# Carrier HVAC - Fan not turning



## rstokes28 (Jun 18, 2013)

Hi,
The fan on the outside unit, a Carrier 38EZA060310 Model, stopped turning yesterday. I took out the capacitor and got it tested and it was bad and replaced it. The unit worked fine for the afternoon while it was cooling the house. After it was off a while and came back on the fan wouldn't turn again. The compressor is coming on and we know the cap is good. 
My guess is bad fan motor. Can you verify?

Thanks,

Rick


----------



## rstokes28 (Jun 19, 2013)

In addition to fan not turning unless I help it a little, when the system is one it's taking a long time to cool. Could this be an issue where it's been losing Puron steadily and has been stressing the components?


----------



## Housedoctor57 (Jun 19, 2013)

If the fan motor is turning at a reduced RPM this will affect the unit's cooling ability. Also clean the coils with coil cleaner or a 409/Simple Green product. Wash out with a powerful stream of water from the garden hose. Be sure to set the thermostat to OFF and disconnect the power to the outside unit before you begin.


----------



## rstokes28 (Jun 19, 2013)

Thanks Housedoctor57. I'm assuming along with the cleaning that the fan motor also e replaced, just to be sure.

Best


----------



## Housedoctor57 (Jun 19, 2013)

Yes, The fan should be replaced based on your description and the fact you exchanged the Cap already that helps with the start and run function of the motor. Good luck. Check your area for a Johnstone Supply location if you have trouble getting the part from another AC supply house.


----------



## rstokes28 (Jun 19, 2013)

All cleaned up and now I'm hunting for the fan motor which I expect to be the end of this drama and back to some good AC in the Phoenix summer.
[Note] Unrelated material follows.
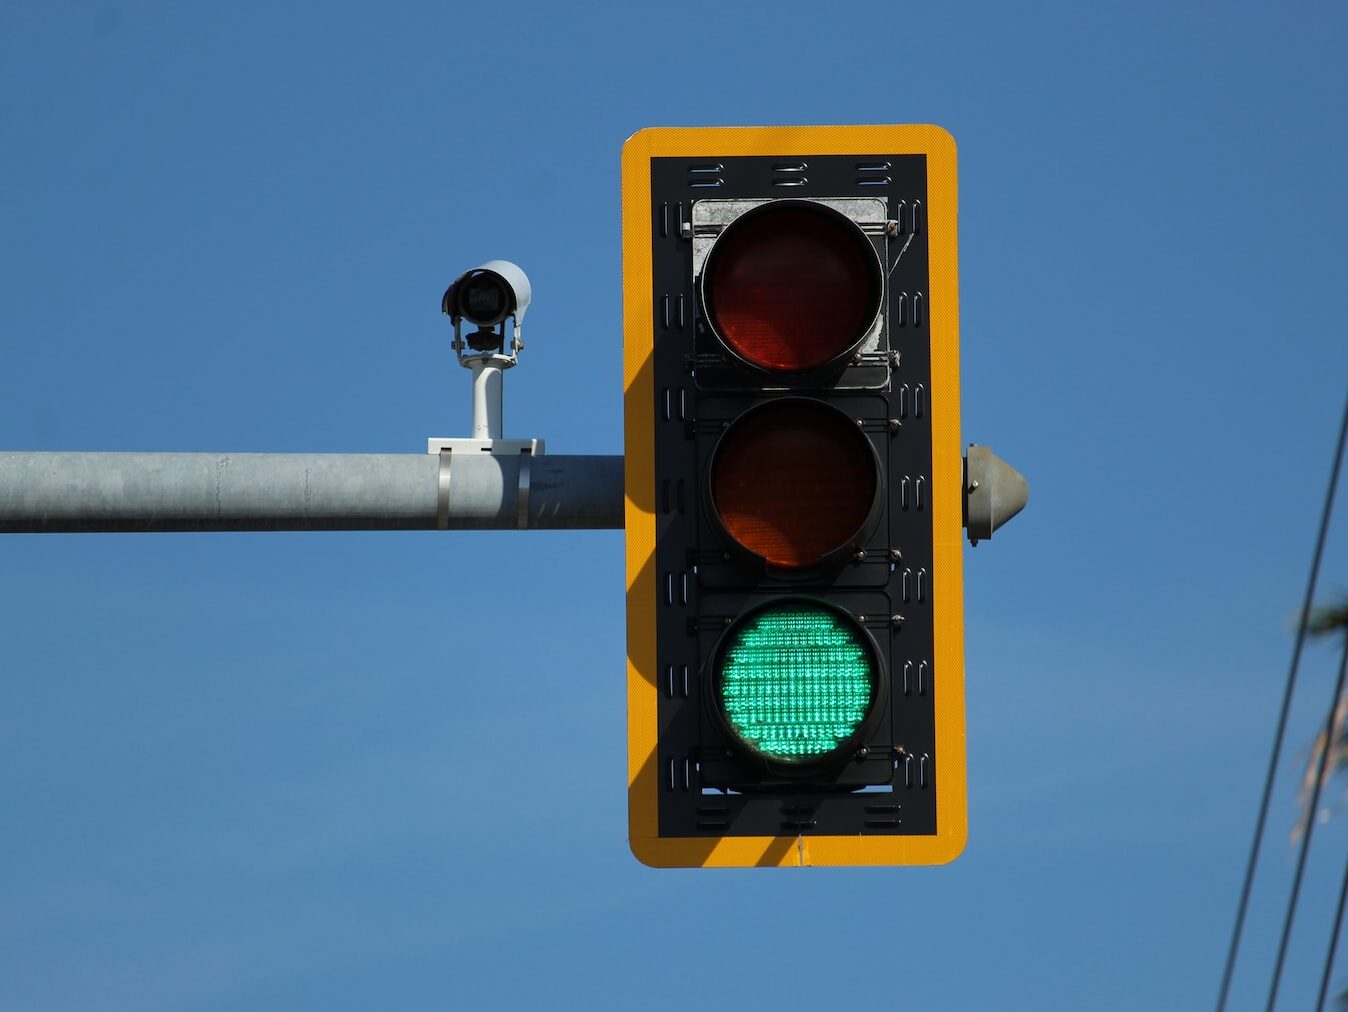 traffic light with red light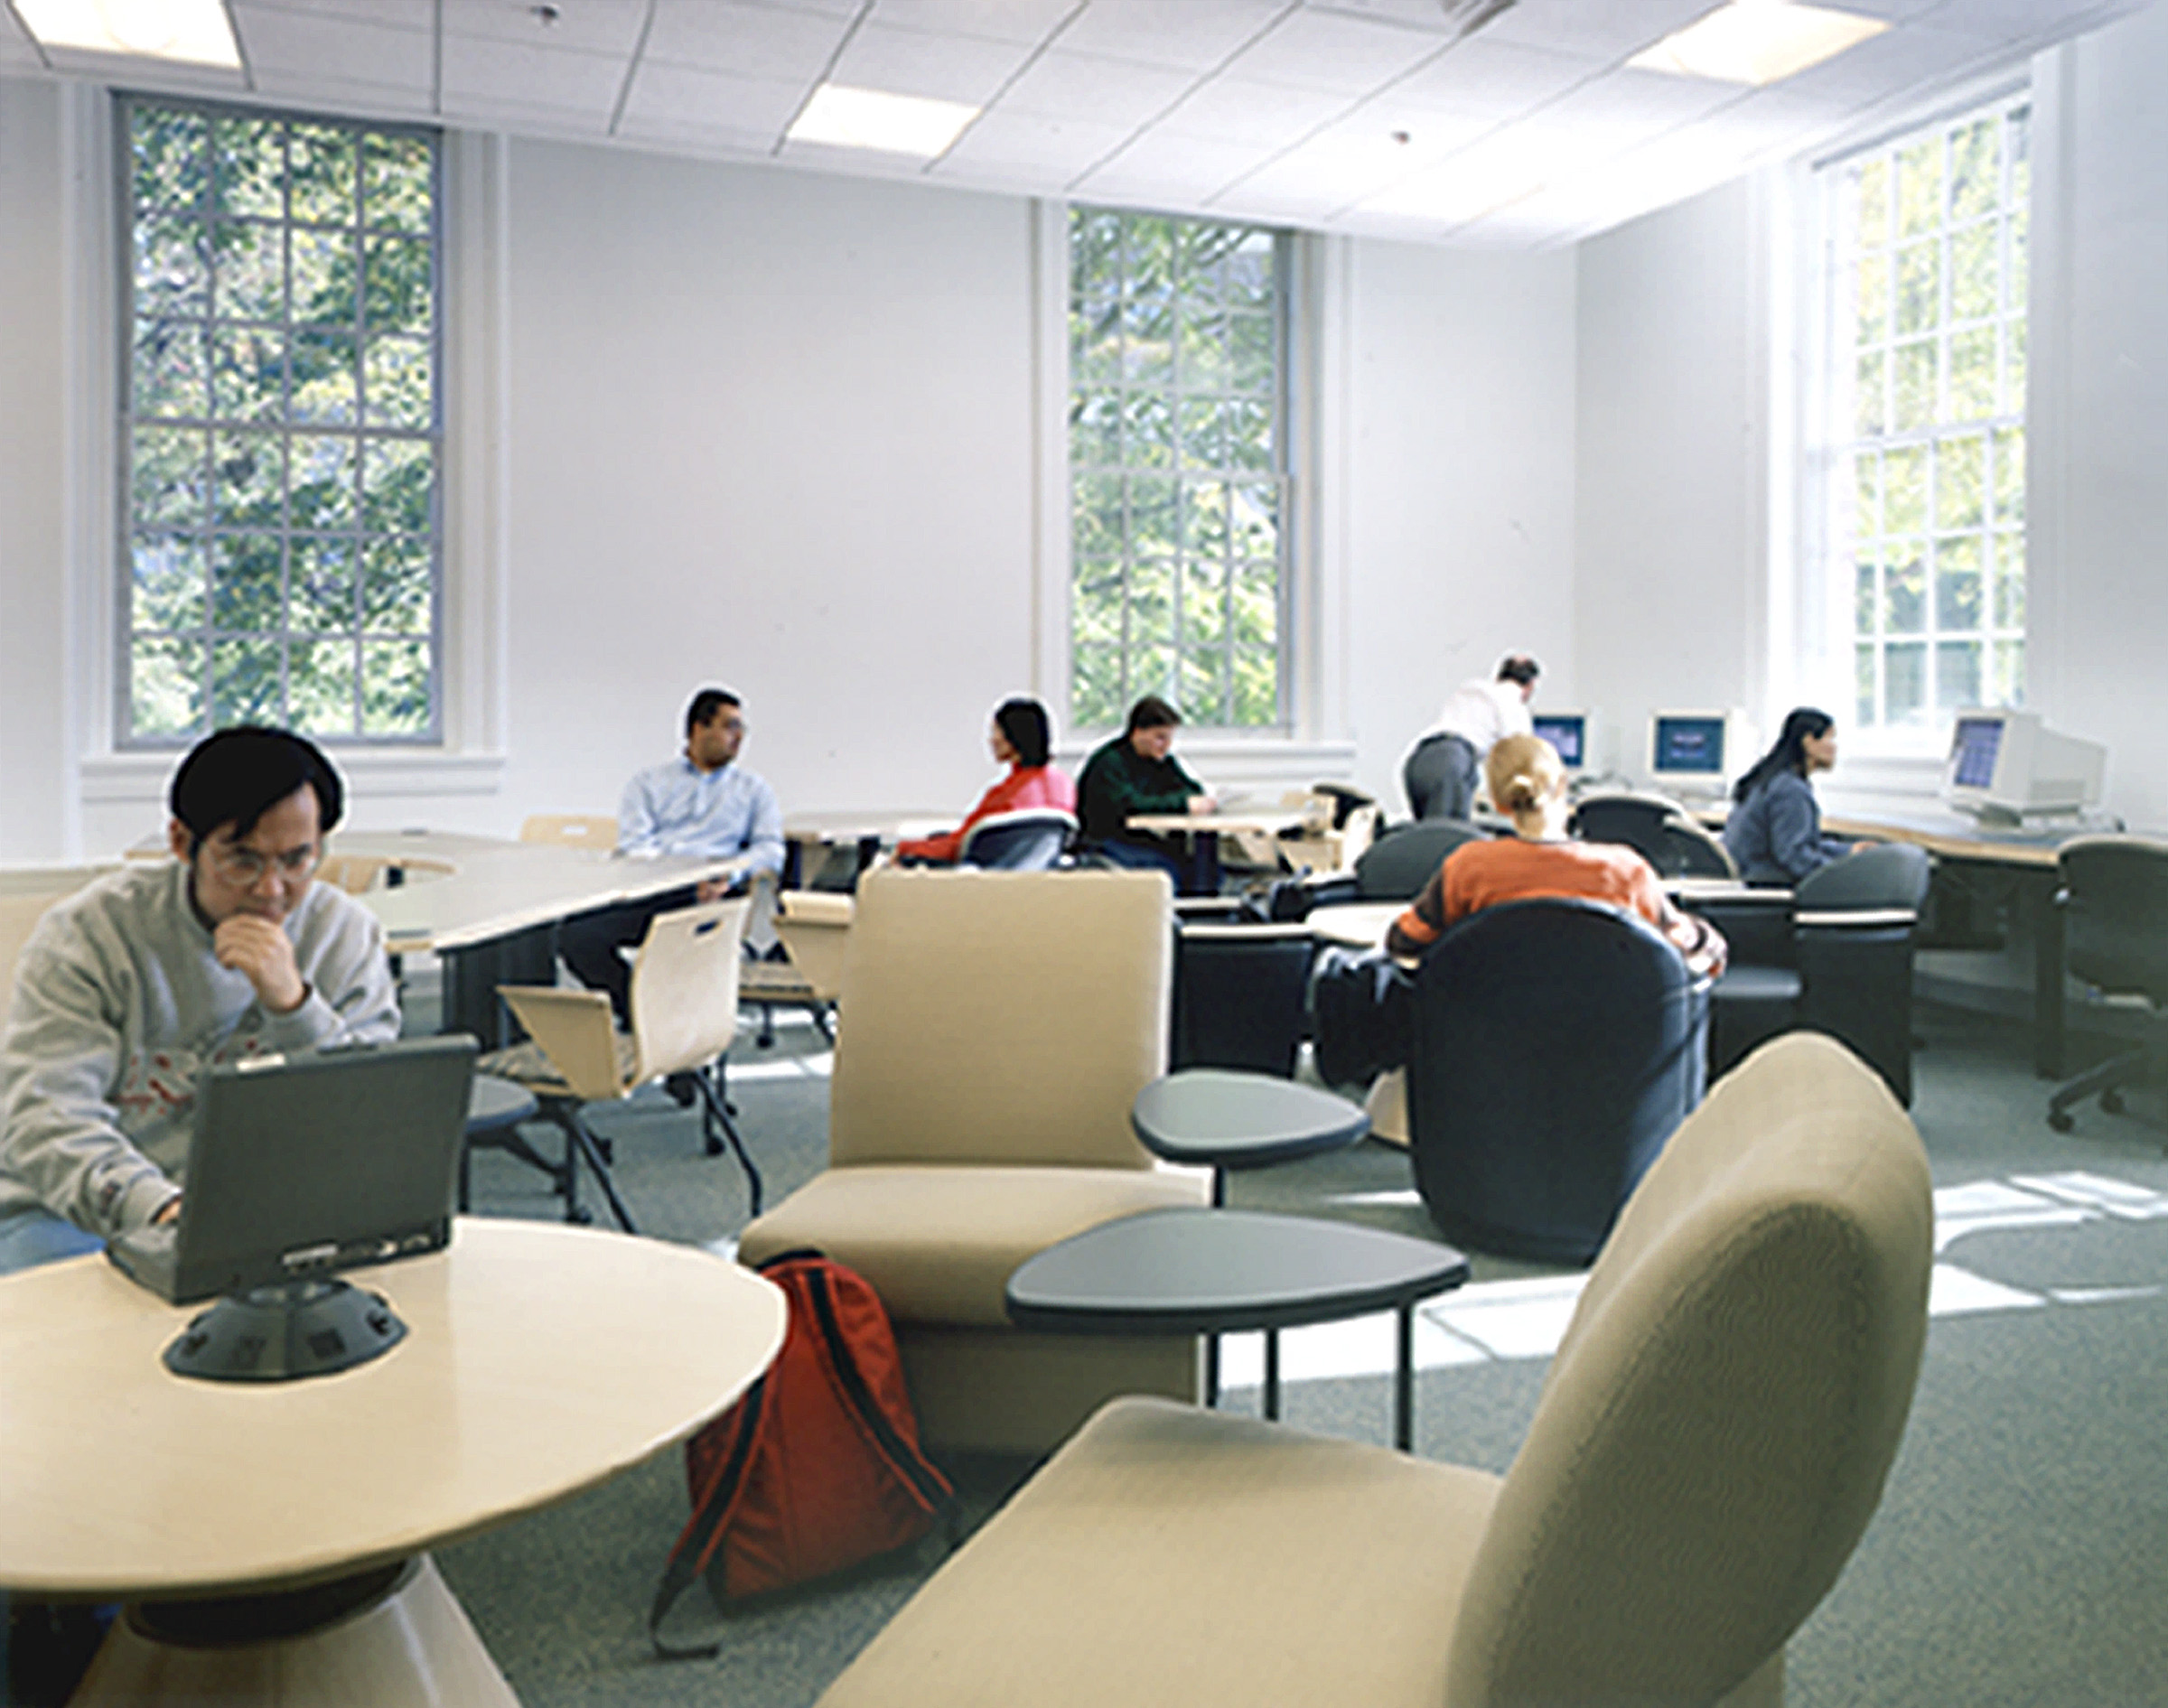 RPI - Interior - Lounge with Students.jpg

Thank you for the good advice.


----------



## rstokes28 (Jun 19, 2013)

I found a new fan motor with the same specifications for $111.00 and it got it installed with no problems. It came with its own capacitor which wasn't an issue. The home seems to be cooling at near double the rate it was before the failure.
Thanks again for the help. -


----------



## Housedoctor57 (Jun 19, 2013)

Good deal. You should have 18-21 degrees diff between the
Cold air and return air temps once house stabilizes.


----------



## rstokes28 (Jun 19, 2013)

What would be the best method and tool to check that difference?


----------



## Housedoctor57 (Jun 20, 2013)

What I do is make a small hole in the duct above the A Coil that is connected to the furnace/air handler(assuming you have a vertical setup. If horizontal then insert between A Coil and duct work). Insert the thermometer there to check the air being cooled and also check the air at your filter in the return or make a small hole in the return duct and check right before it goes back into the air handler. 
I use a digital thermometer like this one. I buy mine locally at AC supply house. Use some foil tape or electrical take to cover the tiny hole you made in the ducts.

http://www.amazon.com/dp/B00004XSC3/?tag=skimlinks_replacement-20


----------



## rstokes28 (Jun 20, 2013)

Great. I'll try this. Had a good cool night last night in the Phoenix heat and everything is working well.

Thanks!


----------